コンクリートジャングルには、こういう害がありそうなイメージの原生生物なんてGくらいしかいないものなのだ。
「ぎゃーおぉぉっ、クモでかぁ!? いや、こっち這って…ぎゃー、わわわわ…!」
「しょうがないねぇ、プチンとな」
その場に腰を落としてちょっとしたパニックに陥っている相手の髪の表面をサッと掬い、木々へ伸びるクモの糸を一つに纏めると、両手で摘みながら引っ張って千切ってしまう。
四方に張っていたはずのクモの巣の支えのうち下半分がダメになってしまったので、巣が風に大きく煽られたのに驚いたのか、クモは上の方に逃げ出していった。
「しかし、ぎゃーおとか、わわわわーとか、悲鳴を上げるにしてももう少し発音は考えた方がいいぜ」
「うっせーですわぁぁぁああ!」
本当に体裁を取り繕う余裕が無かったらしく、次々とお嬢様としてのメッキが剥がれ落ちてしまっている。

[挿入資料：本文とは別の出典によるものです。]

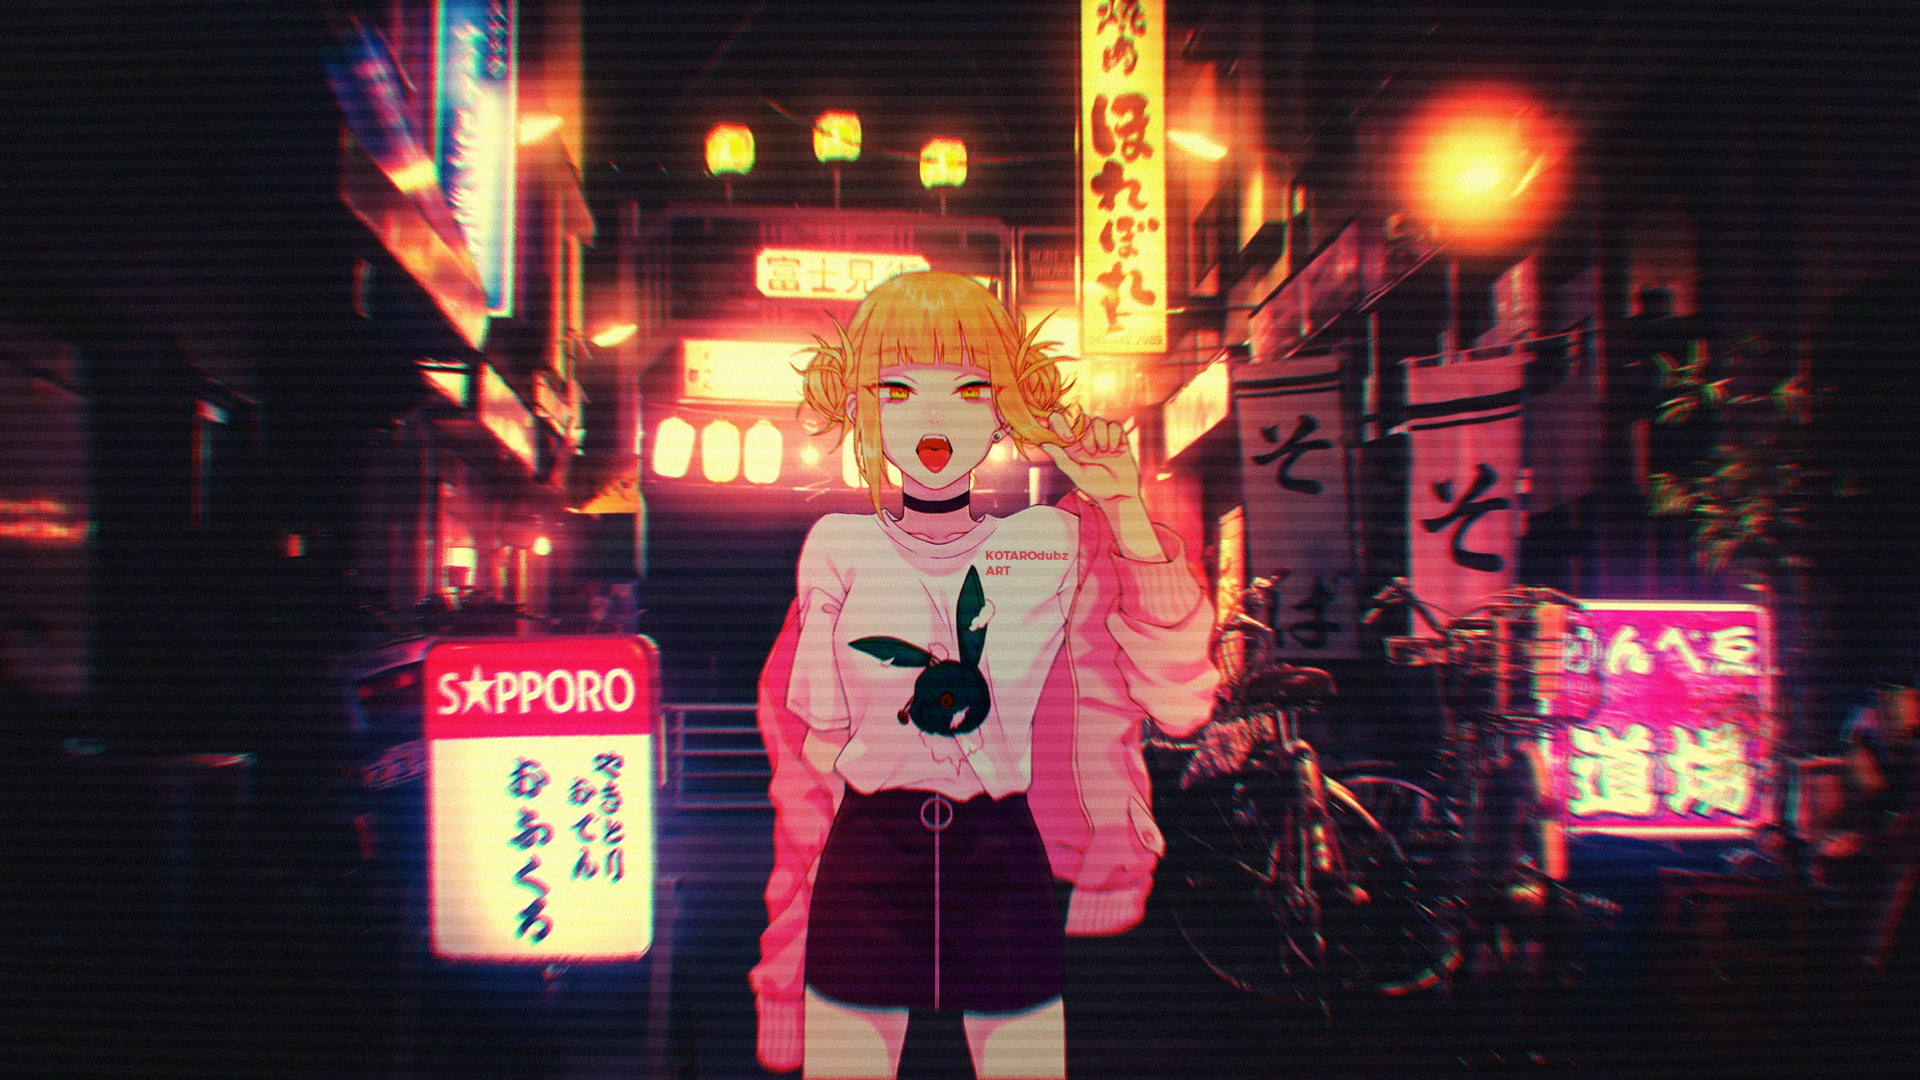 anime, anime girls, simple, simple background, glitch art, VHS

元々第一印象からしてお嬢様らしくない…というのは本人には秘密だが、山をあちこち歩き回る間に一つの乱れも無かった髪は好き勝手に跳ね、オーバーオールの裾には土汚れが滲んでいる。
今となっては綺麗なドレスよりも今の格好の方が、彼女の雰囲気に合っている気がしてくるのだから不思議なものだった。
「ひぃぃーっ…! 髪にクモの巣がこびり付いたままと言うだけで身の毛がよだちますこと!」
「自分で突っ込んだんじゃん、それより念願のマイホームに追突されて保険も下りないクモさんはどんな気持ちなのかをだな」
「おだまり!」
わんわんっ!
「お?」
そんな事をやっていると、真っ直ぐに斜面を登った先で、大型犬が行儀良く座り込んで待ってくれていた。
向こうには木々の群生がぱったりと止まっている上、地面に岩肌が見えており、森から抜けて拓けた丘の上へと出たようである。